A second distinction from Sierra is that the case at bar does not merely involve aesthetics and a lessening of environmental values; it concerns, as we have already said, the prevention of a catastrophic loss of South Florida’s water supply and alternatively the holding back of devastating flood waters. One has only to reread one of the several paragraphs in the Final Order to realize the enormity of the potential injury in fact to landowners in the district. We repeat it for emphasis below:

In the event of a storm, the District may not be able to adequately protect the citizens of South Florida by raising the lake to a sufficient level in order to provide for flood control or water storage due to a concern for the safety of the large numbers of permanent residents at the [proposed development].

One last remaining concern with this “adverse impact” or “injury in fact” terminology is that of imminence. In other words, must the person be affected now? Obviously, the residents of South Florida are not without water today. Furthermore, there are no raging floods at this moment spilling over from the Lake. Are we then engaging in the kind of “speculation and conjecture” that concerned the court in the Florida Department of Offender Rehabilitation v. Jerry, 353 So.2d 1230 (Fla. 1st DCA 1978), cert, denied, 359 So.2d 1215 (Fla.1978)? We believe the answer to both questions is: No.
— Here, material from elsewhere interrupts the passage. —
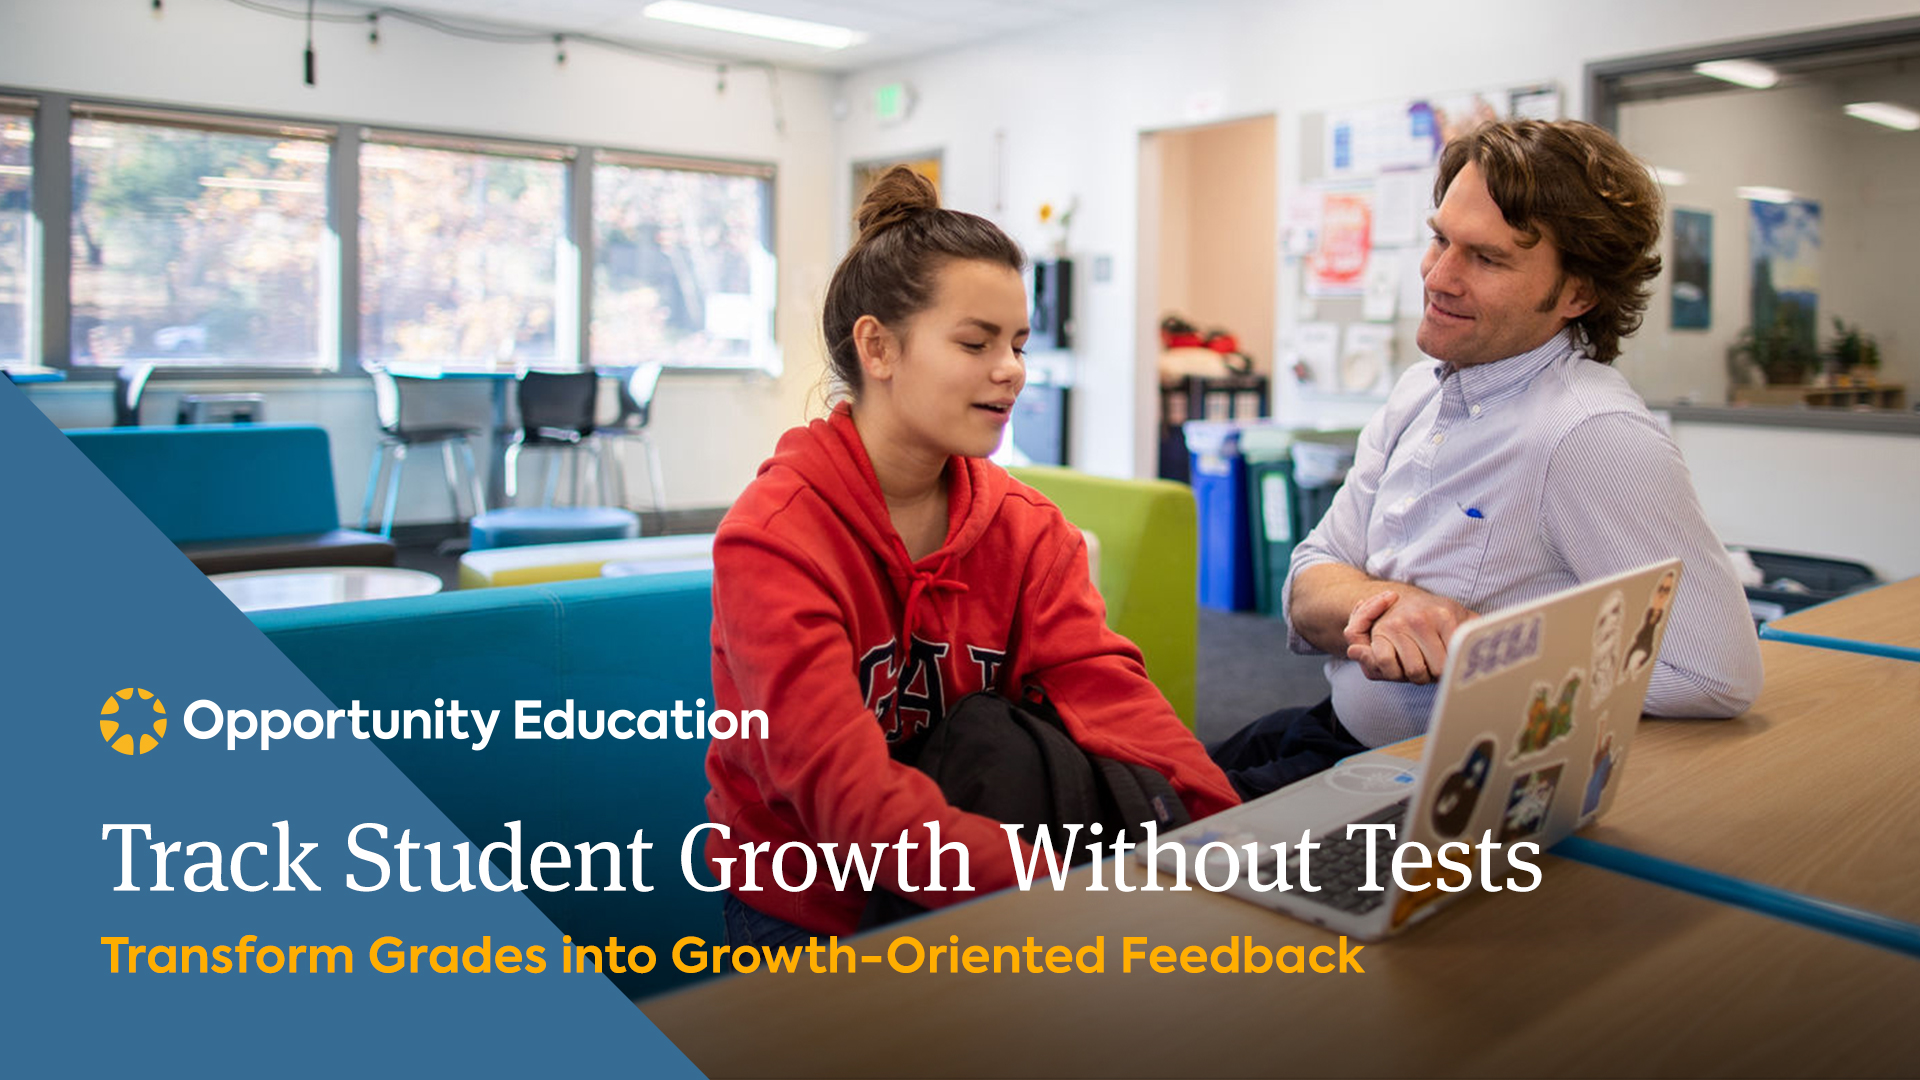 Join Opportunity Education to learn how to transform grade-focused assessments into growth-oriented feedback at your high school.

The record may be insufficient to support a claim that this particular development creates any immediate threat to the water supply. However, the precedent will trigger countless other applications which might have to be approved if this one is permitted. Moreover, on a long term basis, the Final Order speaks to the “eutrophication” of, and the “perilous state” of, “this magnificent resource” which “time is running out to save.”

As to flooding, there is competent and substantial evidence in the record to support the claim that the development poses a clear and imminent threat to flood control in the district as the quoted district’s staff *1294report clearly establishes. In Cox v. South Florida Water Management District, 450 So.2d 288 (Pla. 4th DCA 1984), we considered a case in which it was alleged that a party had no standing to oppose water restrictions, planned by the district, because there was no existing drought, only a threat of it and therefore no need to implement the restrictions at the time of the opposition. We held there was standing noting that:

We can all take judicial notice of the fact that Florida’s never ending preoccupation with the delicate balance of its water supply is more than mere speculation. Droughts and floods are to Florida what sand is to the Sahara Desert — inevitable.

Accordingly, we reject any suggestion that it is necessary to suffer actual inundation before affected persons can be said to have standing.

In conclusion, we hold that the controversy is of regional significance and that the two Audubon Societies are affected persons with a specific interest which would be adversely impacted by the proposed development. They, therefore, have standing.

We do not find any of the other points on appeal to constitute reversible error.

AFFIRMED.

GLICKSTEIN and GUNTHER, JJ., concur.

. We do not address the companion “zone of interest” test. The "injury in fact" test is discussed because of its equation to "affected persons” under the Florida Statute which has no language addressing a "zone of interest.”